Böylece aralarında İsviçre ve Avusturya’nın bulunduğu Avrupa’nın 20 ülkesiyle birlikte geliştirilecek ortak hava savunma sisteminin içinde yer alacağımız tescil edildi. Anlaşılan Türkiye oluşturulacak üç aşamalı savunma kalkanından yararlanacak. Her ne kadar Rusya ile ilişkilerimiz sorunsuz seyretmekteyse de bu ülkeden ya da ileride başka bir komşumuzdan kaynaklanabilecek saldırılardan korunmamız daha kolay olacak.
Şu aşamada geçerli olan plana göre ilk müdahale ABD-İsrail yapımı Arrow-3 füzeleriyle atmosfer dışında, o olmazsa veya gerektirmezse ABD yapımı Patriotlarla hedefe varmasından 100 km kadar önce, en son aşamada da Almanya yapımı IRIS-T füzeleriyle 35 km kala yapılacak. Ve belli ki Türkiye bu projede askeri ve teknolojik olarak sadece alan tarafta değil veren, sağlayan tarafta da olacak.
Hepsinde önemlisiyse Türkiye yeni Avrupa güvenlik mimarisinin oluşan unsurlarından birinin içinde yer alacak. İlk Eurofighter’ların hava kuvvetlerinin envanterine girmesi ve Türkiye’nin milli muharip uçağının bazı aksamlarının İngiltere başta olmak üzere Avrupa ülkelerinden temin edilmesiyle işbirliğinin boyutları derinleşecek, ileri teknolojideki askeri bağımlılığın tek bir ülkenin ipoteğinden çıkmasına yardımcı olacak.
BBC Türkçe’de yer alan habere göre de Türkiye’nin ESSI girişimine katılması Almanya’nın dört ülke ortak yapımı Eurofighter Typhoon uçakları almasına koyduğu siyasi engeli kaldırmasına yol açacak. Yani Türkiye Amerika’nın F-16 satışına onay vermesinden sonra da istiyorum dediği İspanya, Fransa, İngiltere ve Almanya yapımı bu yeni nesil uçakları almak, kullanmak ve ABD’den biraz daha otonom olmak imkanına kavuşacak.
Temennim Avrupa ile askeri ve teknolojik alanda yakınlaşmanın diğer alanlara da yansıması, Türkiye’yi Avrupa pazarı kadar hala büyük ölçüde temsil ettiği insan hakları, demokrasi gibi değerlere de yakınlaştırması, Yunanistan ve Kıbrıs’la olan sorunlarının çözümüne, o da olmazsa aşılmasına yardımcı olması. Bir de bu teşebbüslerin kendi uçağımızı, hava savunma sistemlerimizi kurmamıza engel olmaması.
Gidişat Türkiye’nin dış ve güvenlik politikasında giderek daha fazla Avrupa ile senkronize olacağı, beklenti ve çıkarlarının daha çok örtüşeceği yönünde. İlk bakışta ilgisiz görünse de Mısır’la barışmak, Körfez bölgesine yeniden açılmak, Suudi yönetimiyle sorunları aşmak, Gazze savaşında taraf olmaktan elden geldiğince kaçınarak çözüm yöntemleri önermek de bence bu süreci destekler mahiyette.
Ukrayna savaşının ve İsveç’in NATO üyeliği için yapılan pazarlığın da bu karşılıklı yakınlaşmaya katkısı büyük.

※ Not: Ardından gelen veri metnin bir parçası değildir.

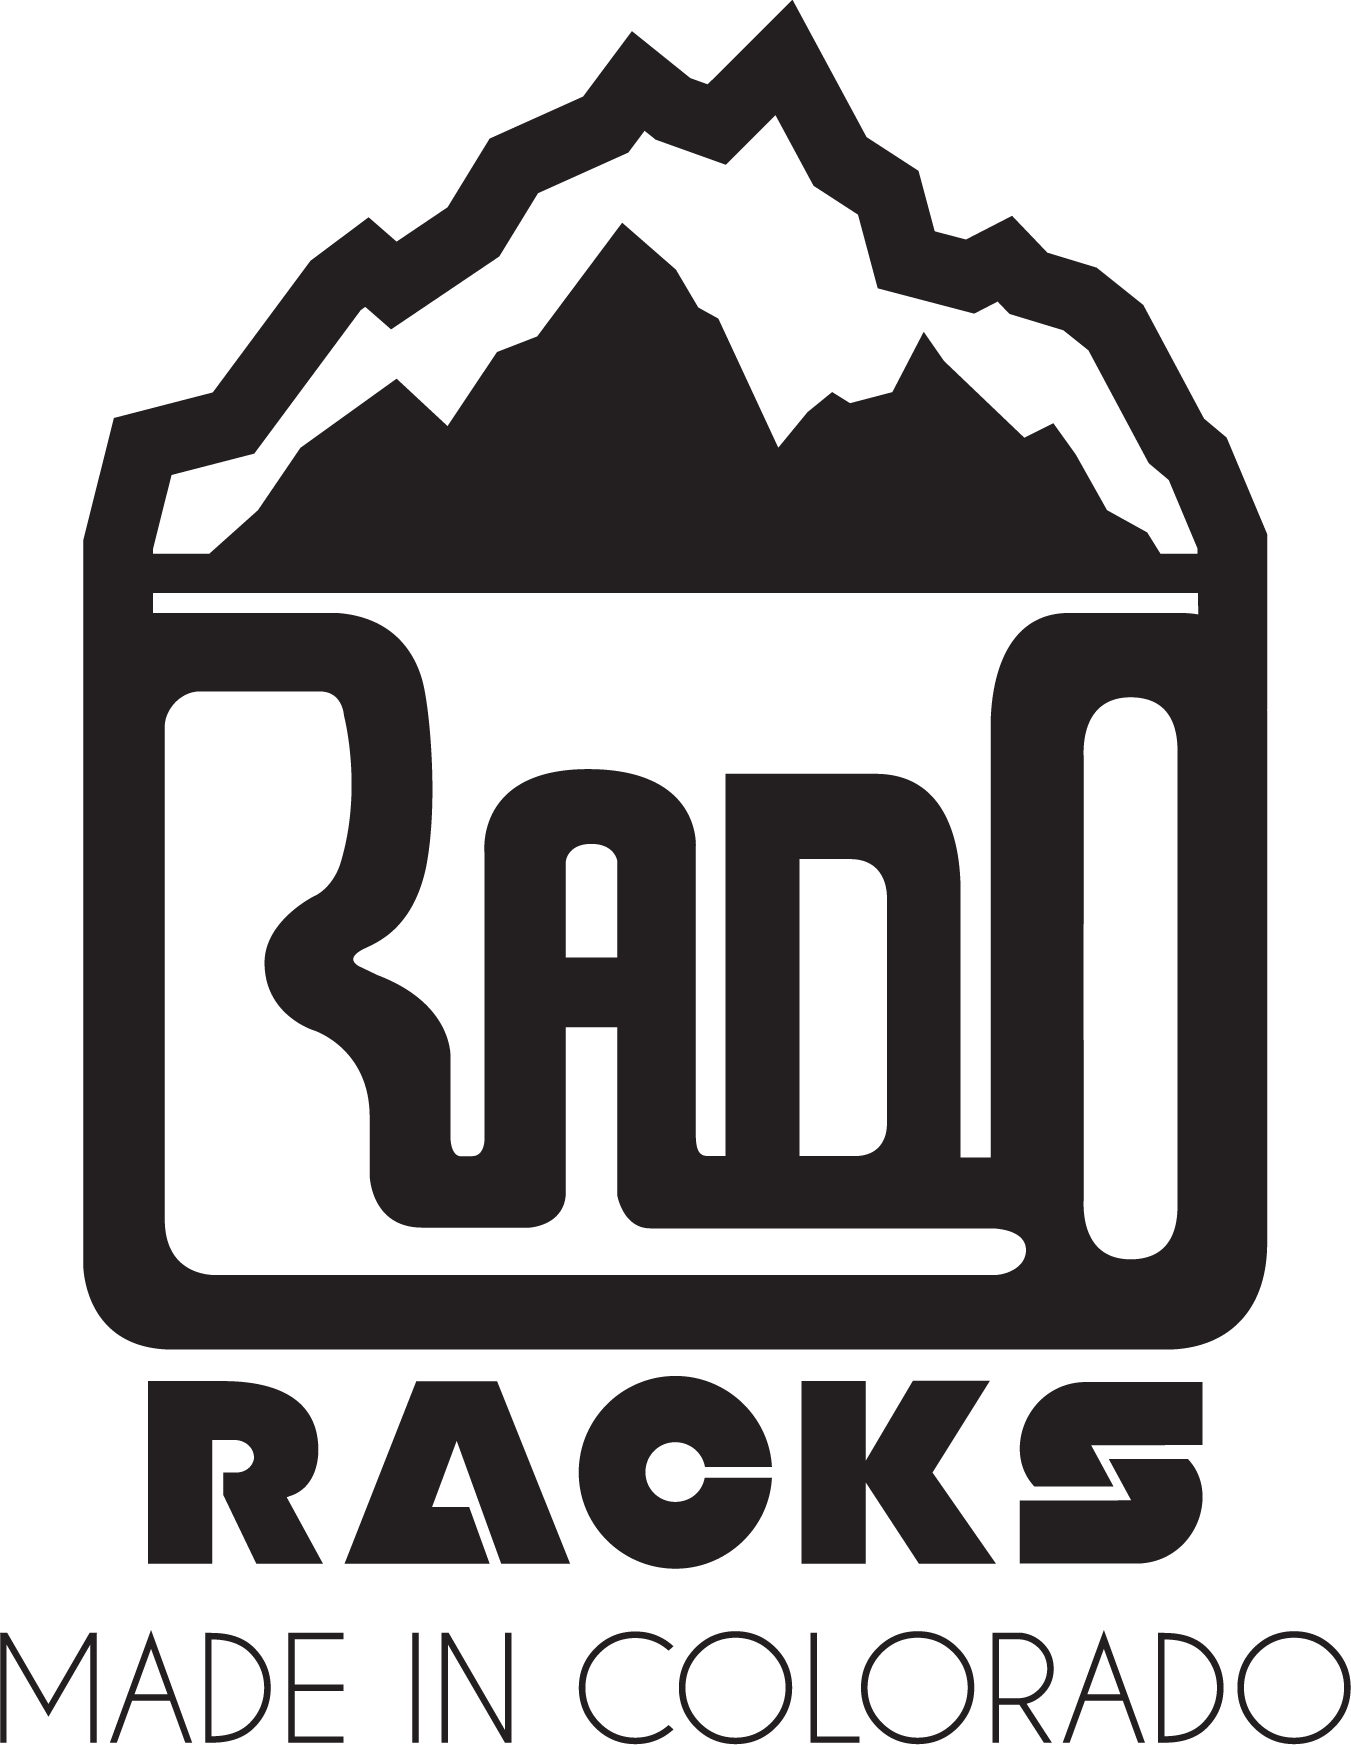 Rado Racks Support mural pour snowboard et ski -  France

Yanılıyor olabilirim ama bana sanki yaşadığımız tüm sorunlara rağmen daha güvenli, risk ve tehdidin daha az algılandığı, çıkar ve beklentilerimizin daha kolay korunduğu, refahımızın az da olsa arttığı bir bölgesel düzenin parçası olabiliriz gibi geliyor. Biraz daha gayret göstersek, malum sicil ve imajımızı düzeltsek kendimiz çok daha farklı yerlere taşıyabiliriz. Yeter ki isteyelim…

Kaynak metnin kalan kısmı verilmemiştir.